What is needed
Beneath this sentence is a listing. Return its lines from the one containing "Lacoste Men's LT Fit Sneakers" through the last, exactly, and omit the pictures.
Data block Start Marker
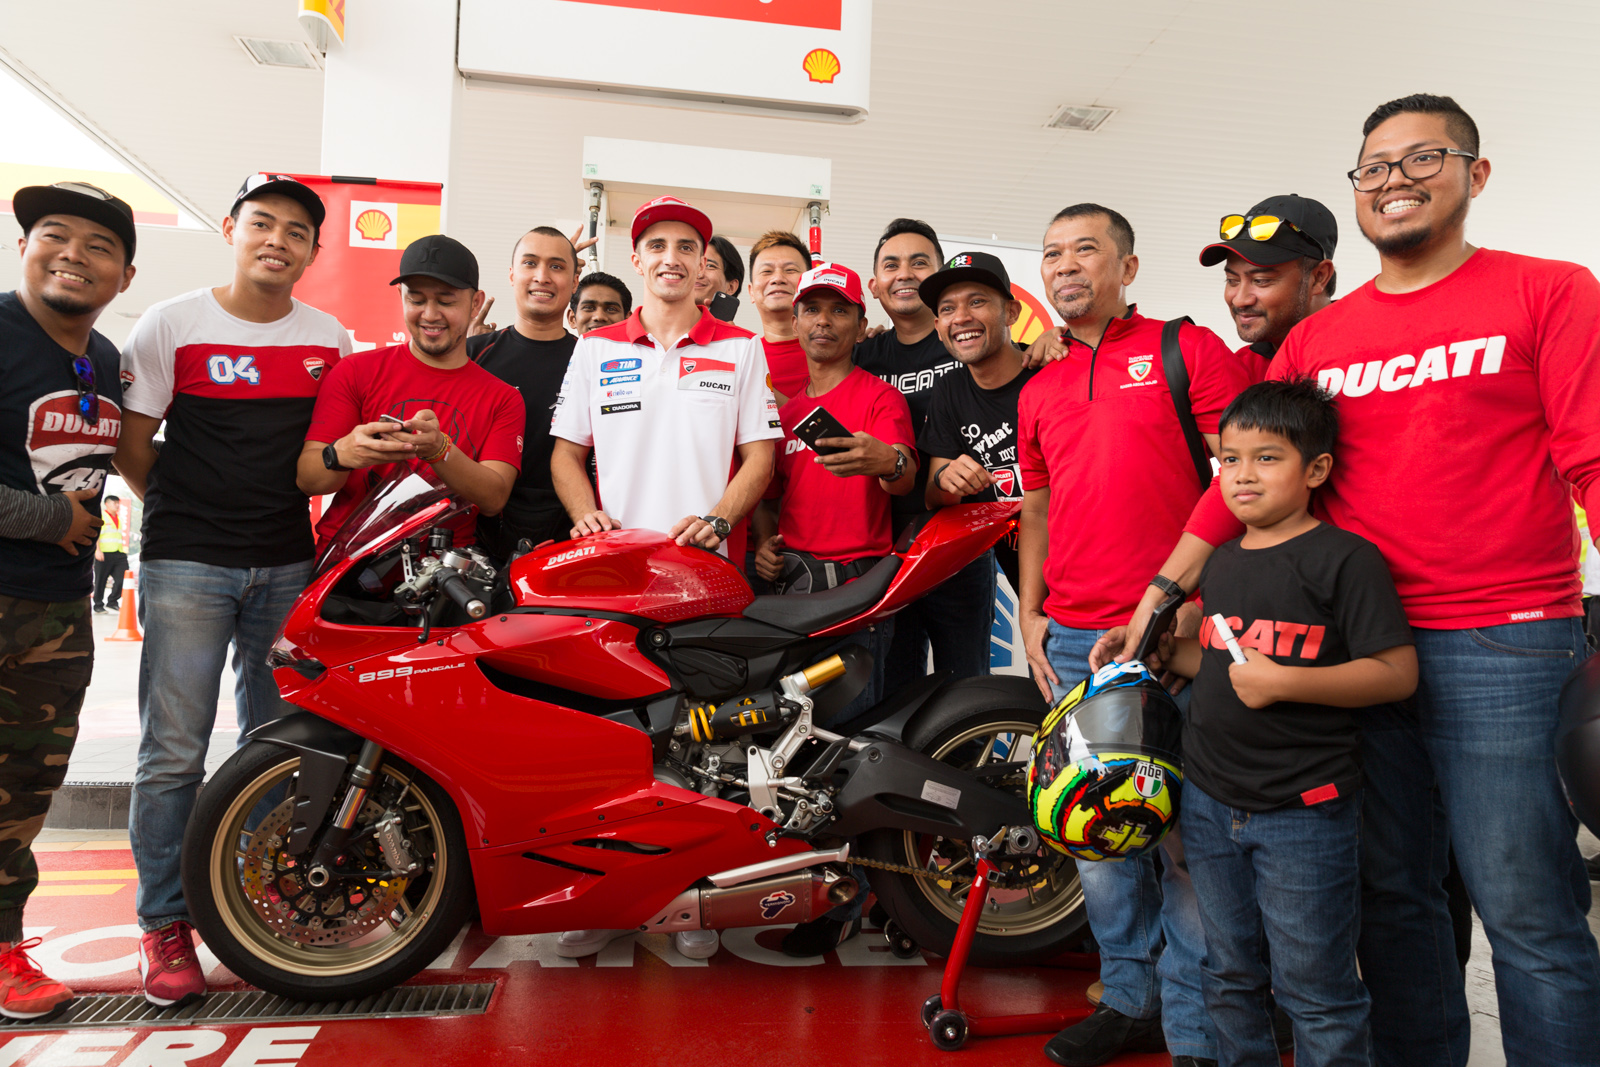 Shell e Ducati: evento in Malesia
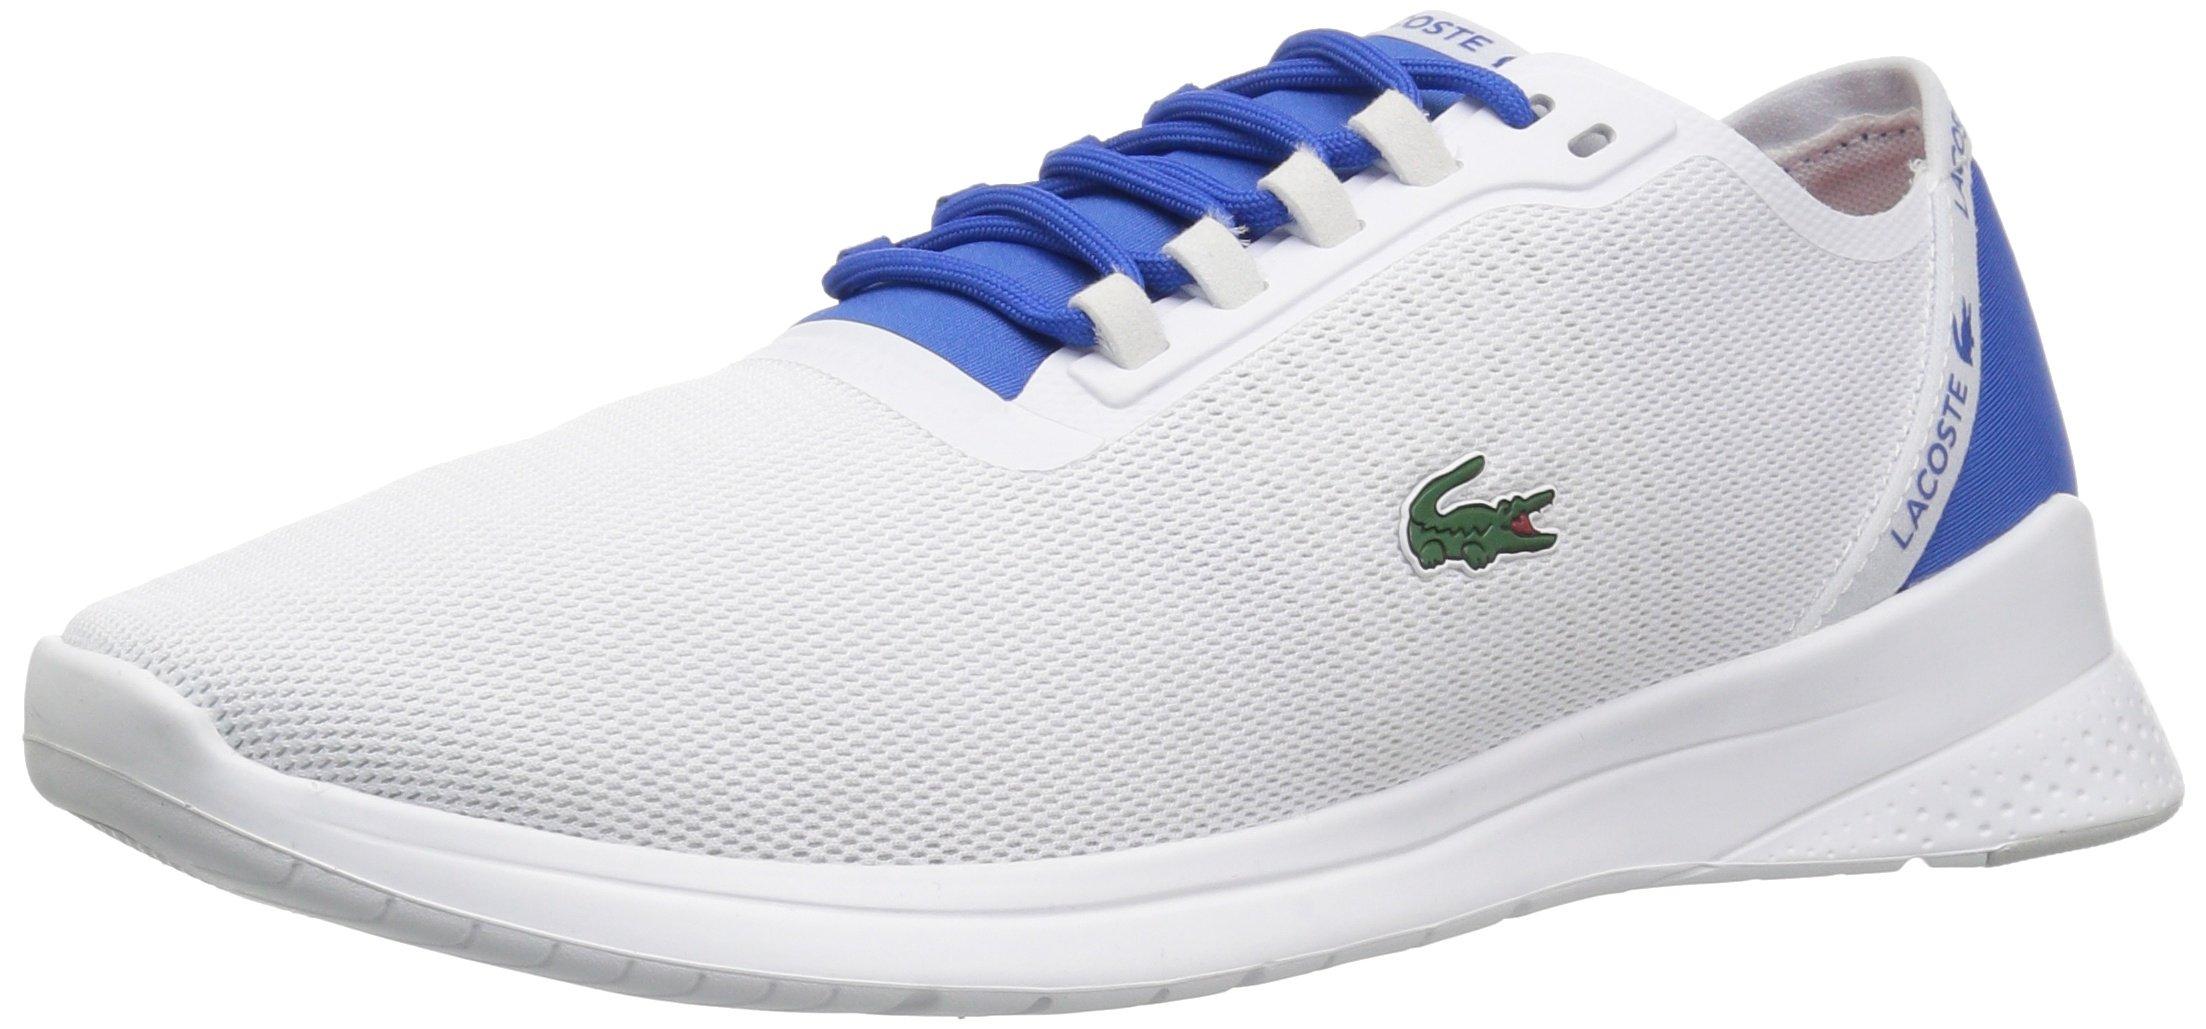 Lacoste Men's LT Fit Sneakers
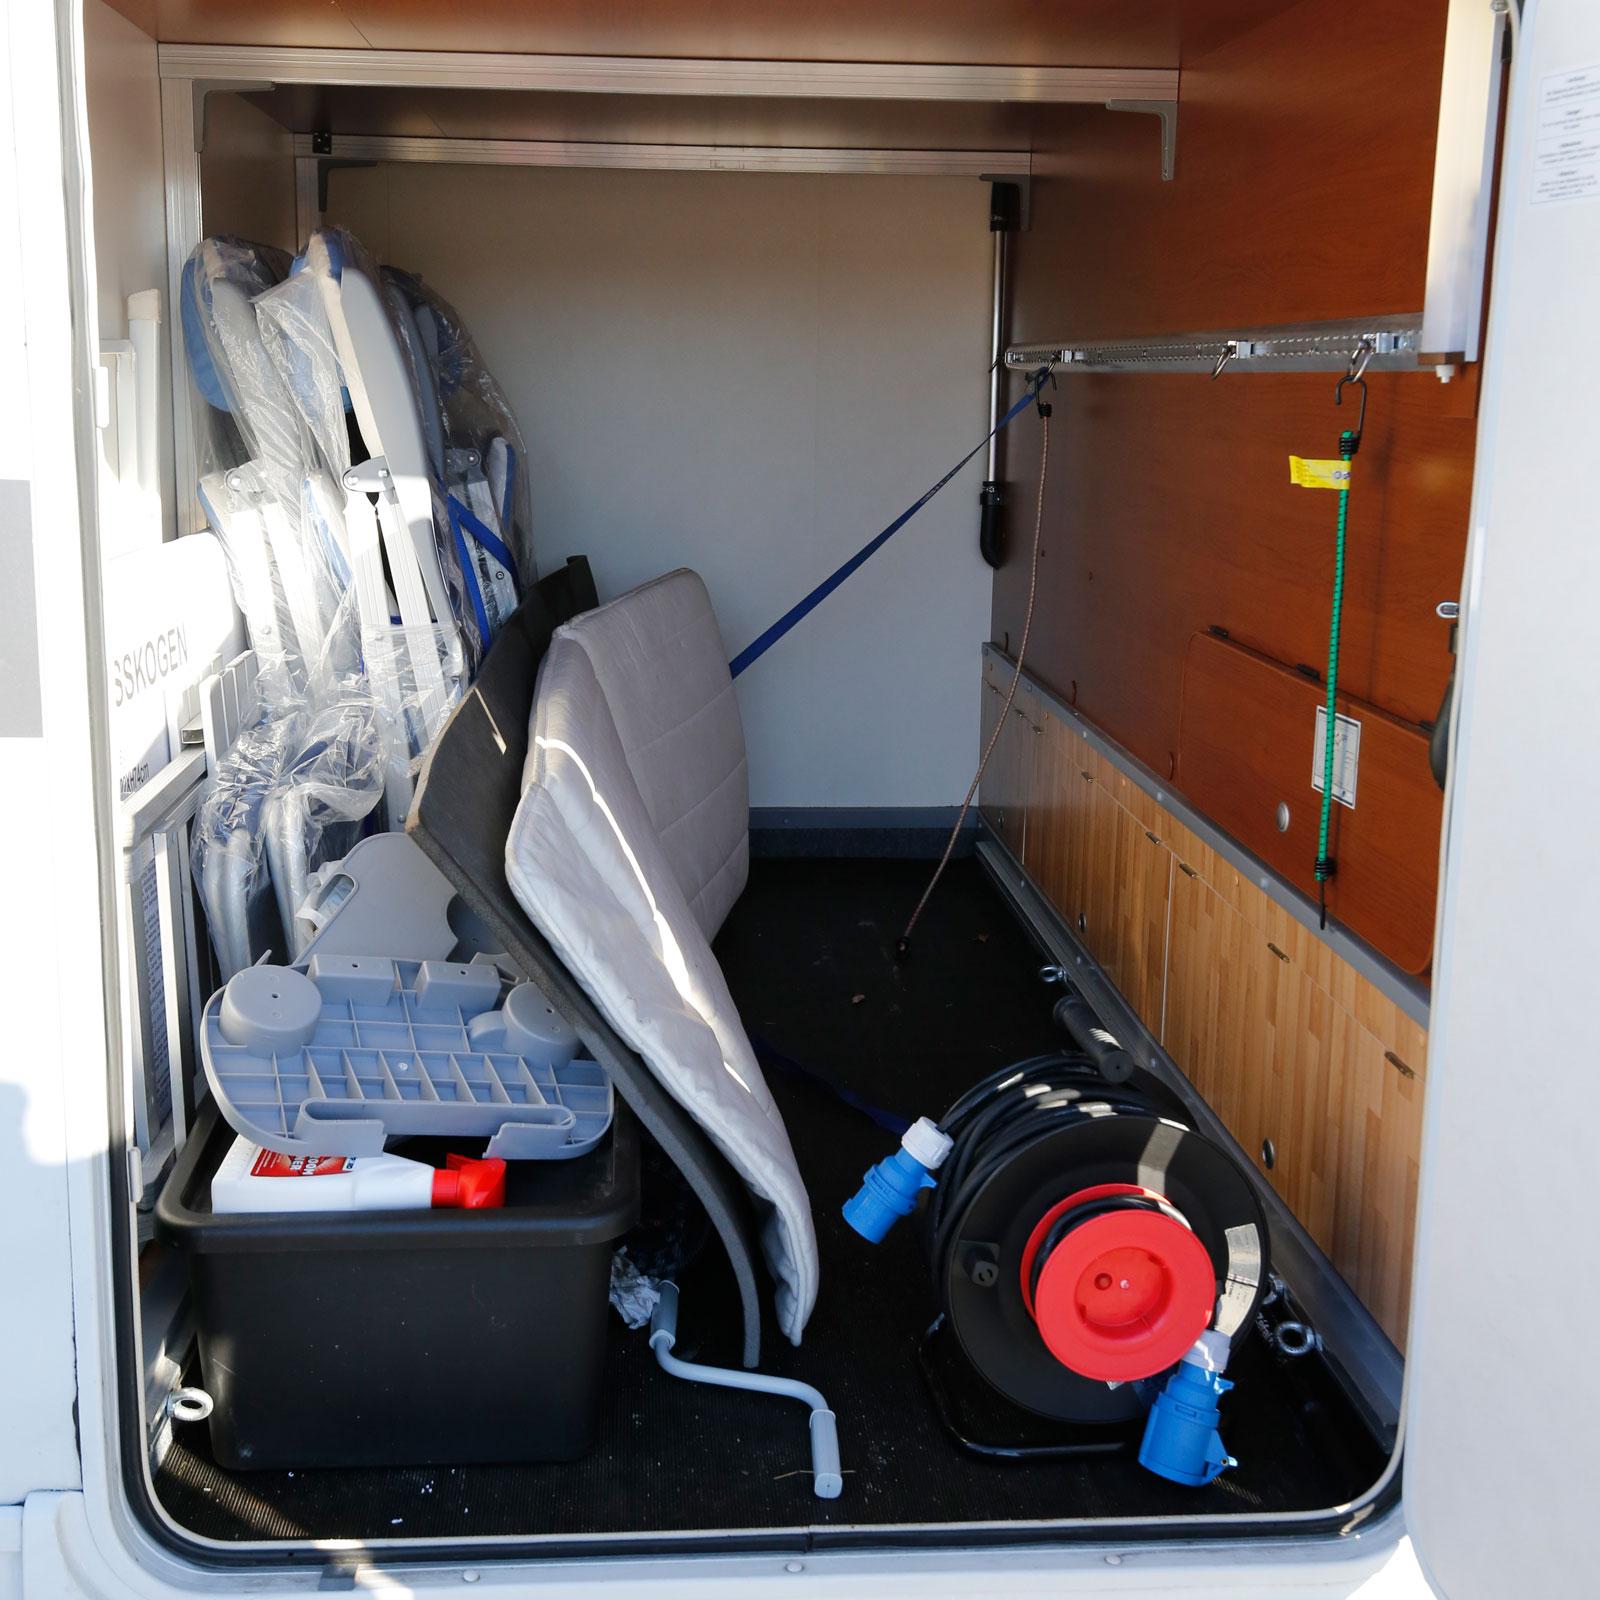 Lastskenan upptill är bra för att spänna fast elcyklarna.
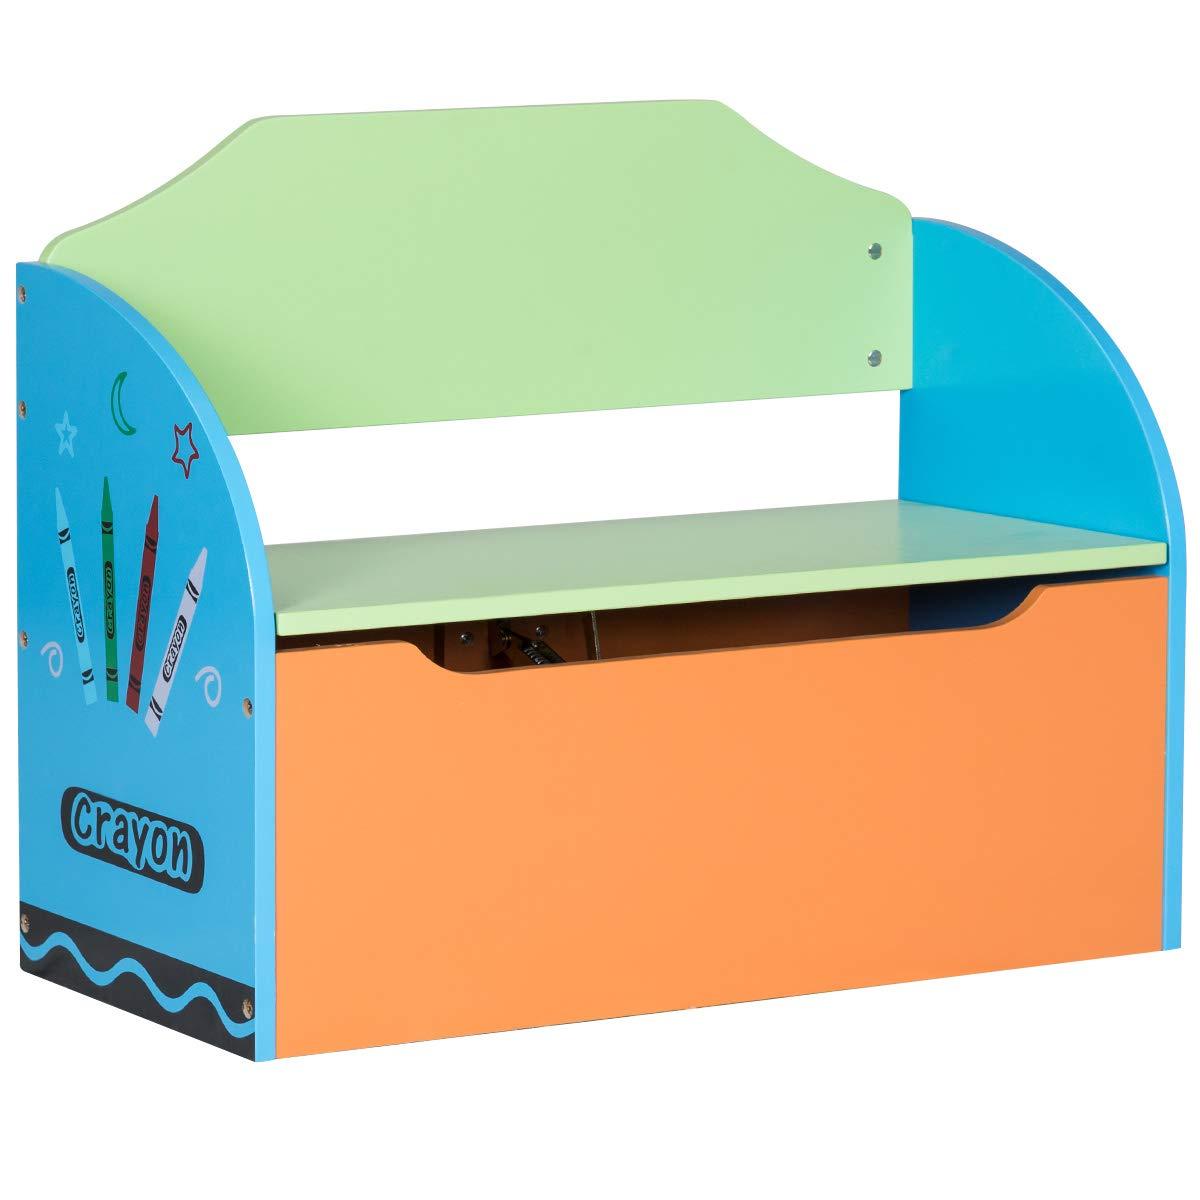 COSTWAY Spielzeugtruhe für Kinder, Spielzeugkiste für Kinderzimmer, Spielzeugbox mit Deckel, Truhenbank für Spielzeug, Kinderbank mit Stauraum
Data block End Marker
Output
 Lacoste Men's LT Fit Sneakers
 Lastskenan upptill är bra för att spänna fast elcyklarna.
 COSTWAY Spielzeugtruhe für Kinder, Spielzeugkiste für Kinderzimmer, Spielzeugbox mit Deckel, Truhenbank für Spielzeug, Kinderbank mit Stauraum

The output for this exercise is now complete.